## Task inputs
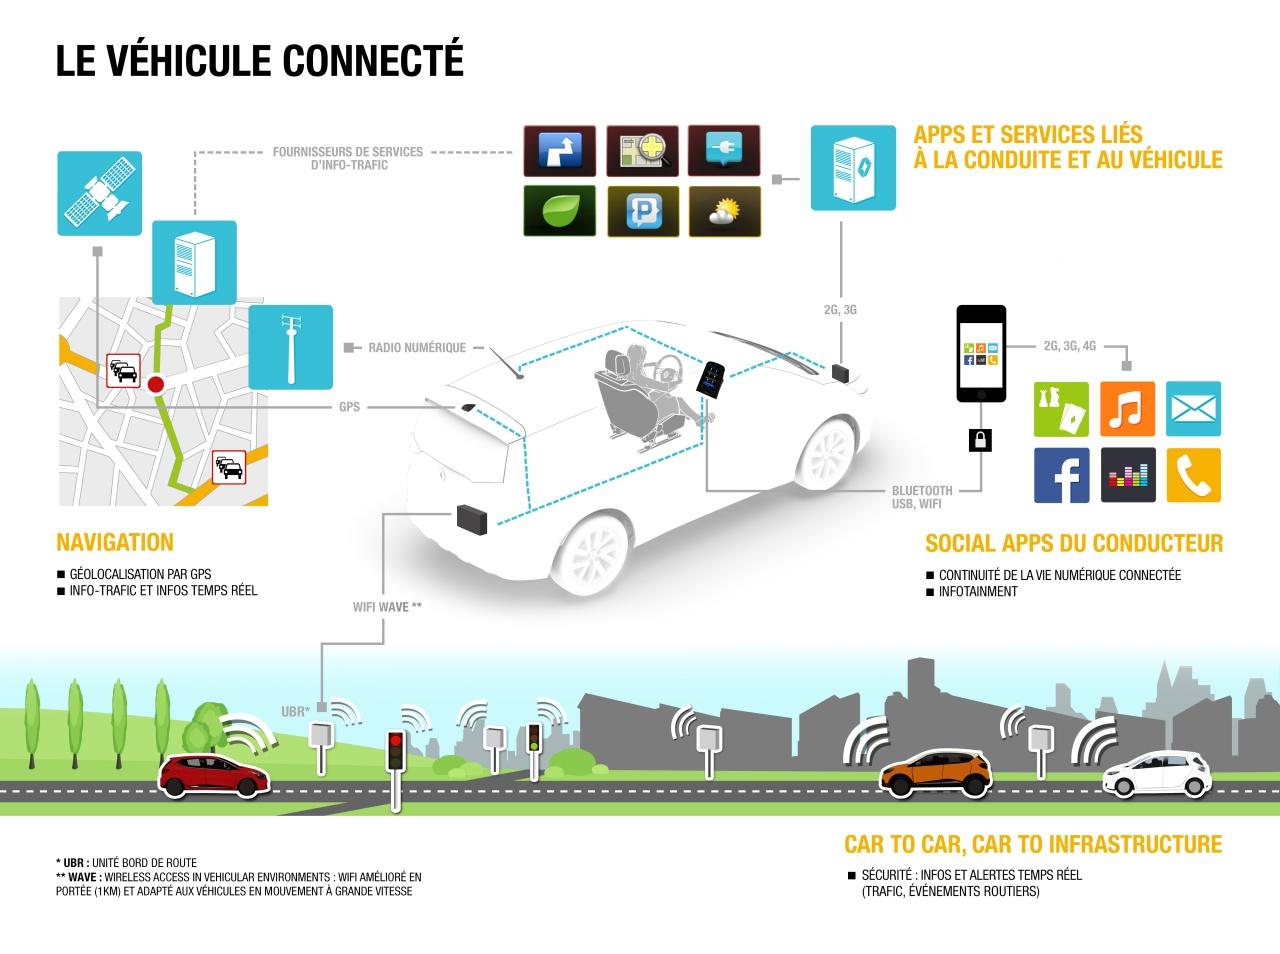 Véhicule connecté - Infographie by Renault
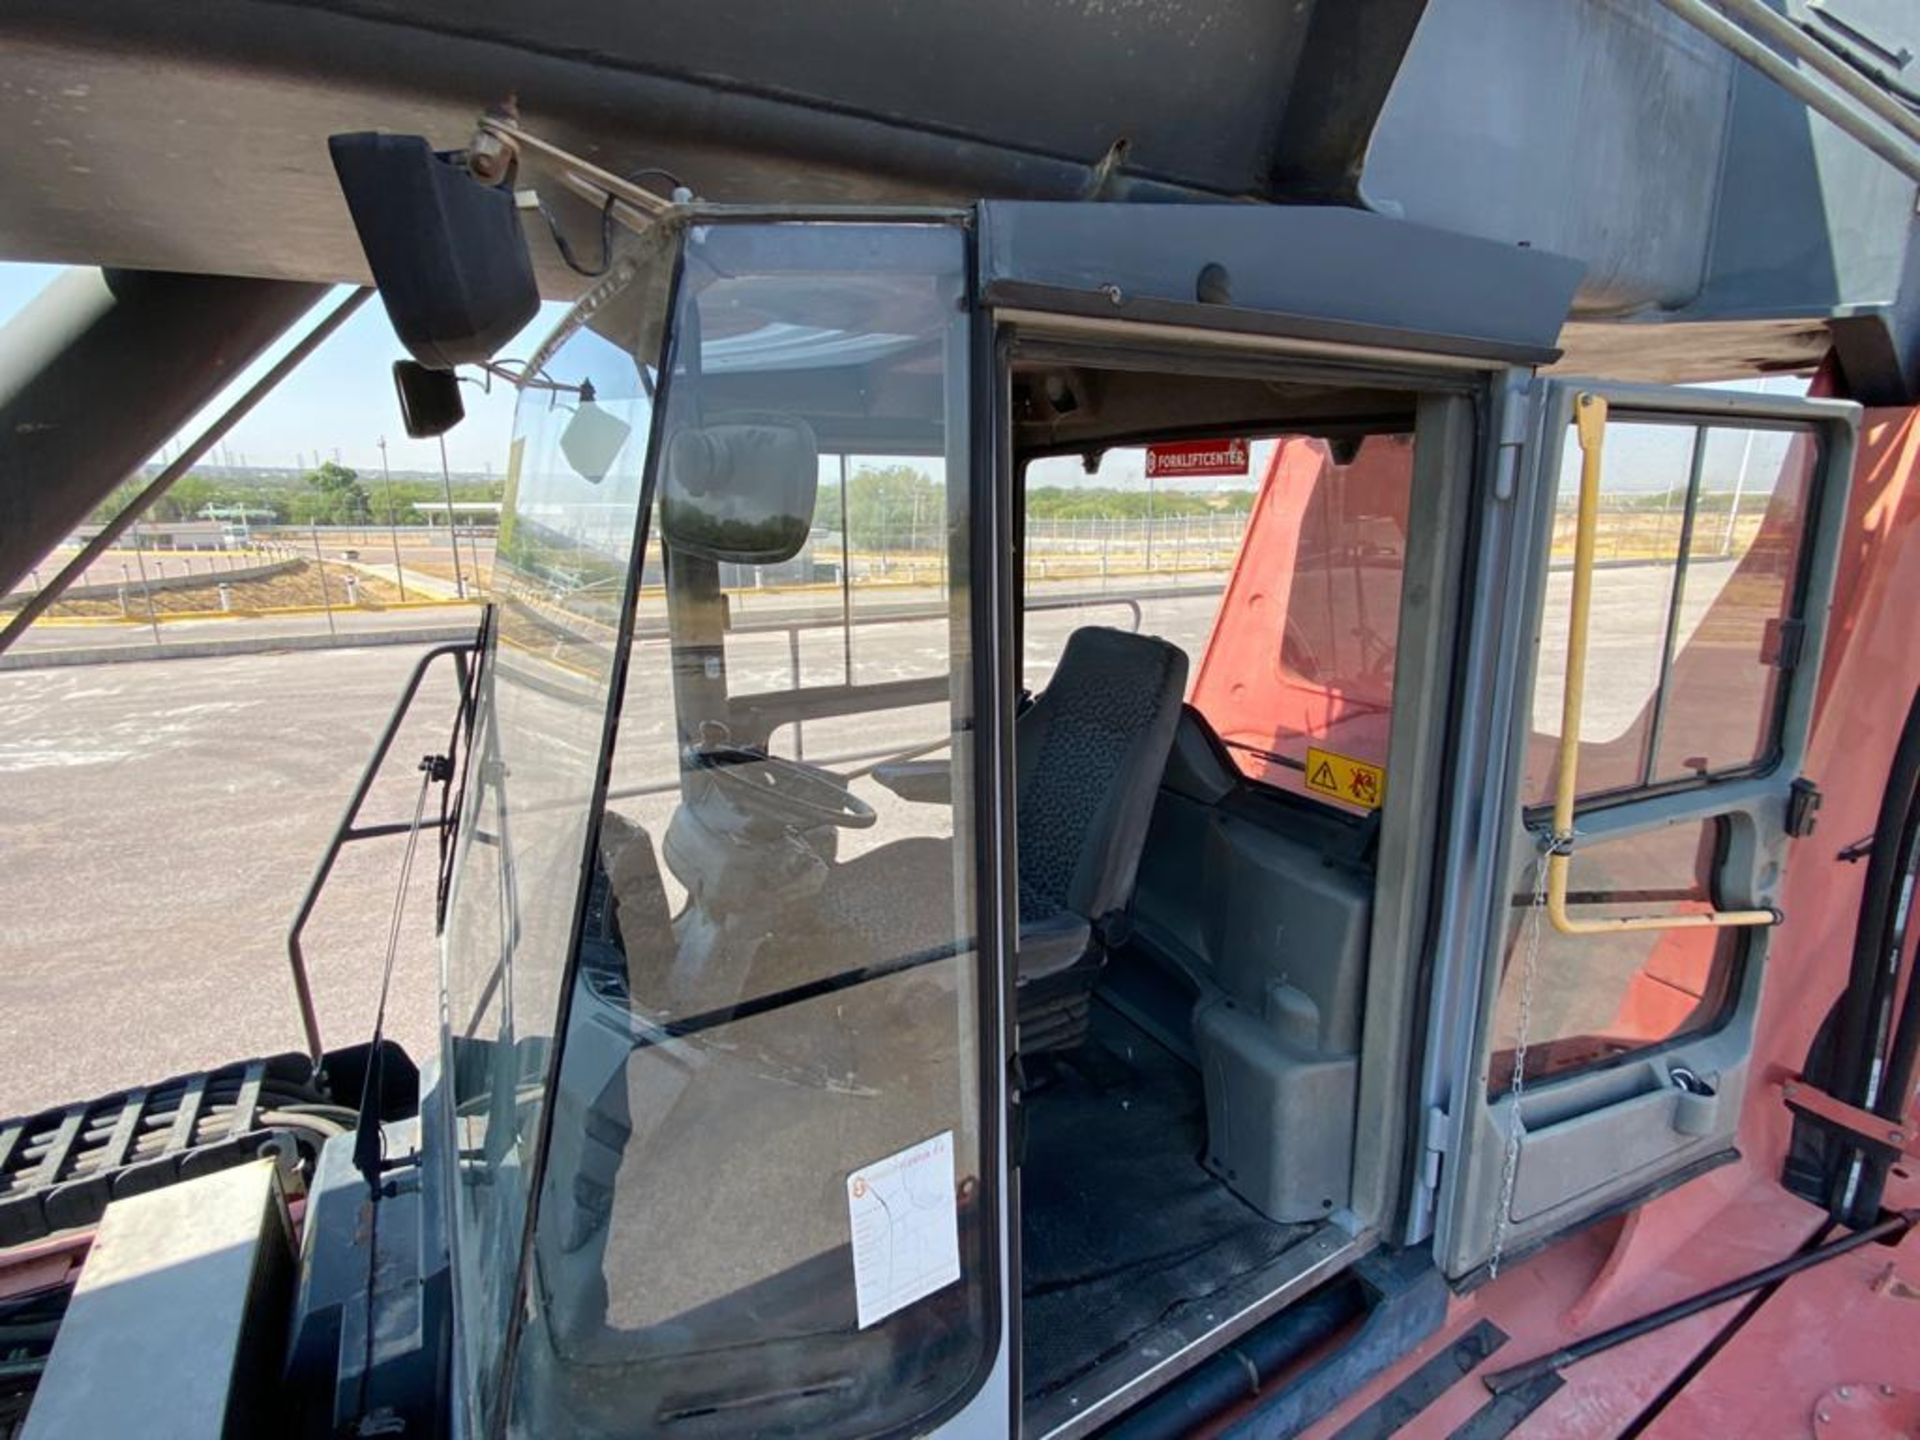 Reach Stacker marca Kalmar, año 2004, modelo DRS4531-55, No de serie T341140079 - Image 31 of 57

---

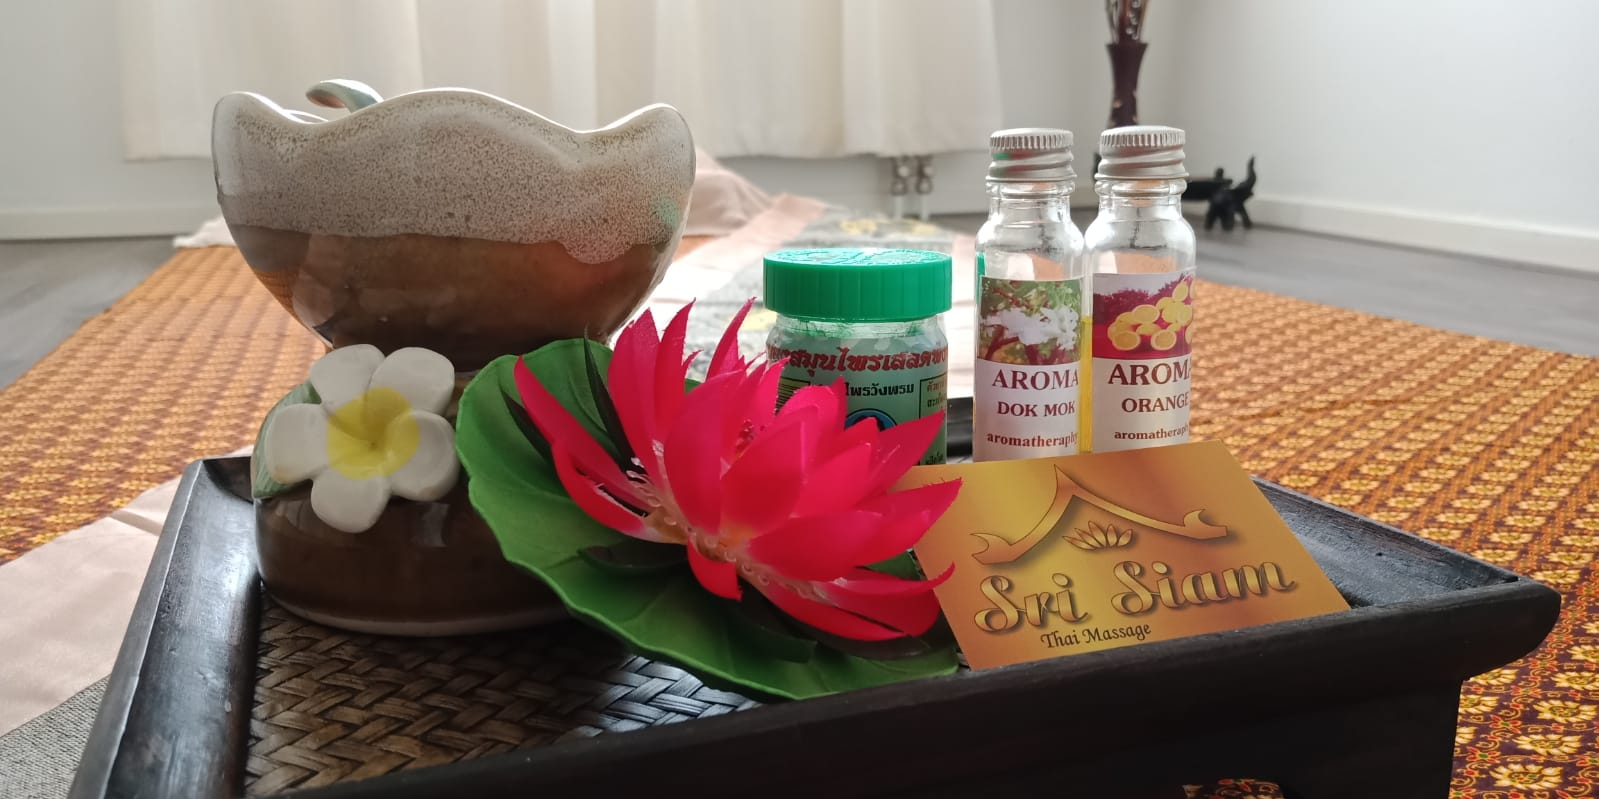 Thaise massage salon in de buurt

## Exercise prompt
From the records above, copy only the lines running from the line containing "Véhicule connecté - Infographie by Renault" to the line containing "Reach Stacker marca", both ends included. Leave the pictures out.

## Reply to the task
 Véhicule connecté - Infographie by Renault
 Reach Stacker marca Kalmar, año 2004, modelo DRS4531-55, No de serie T341140079 - Image 31 of 57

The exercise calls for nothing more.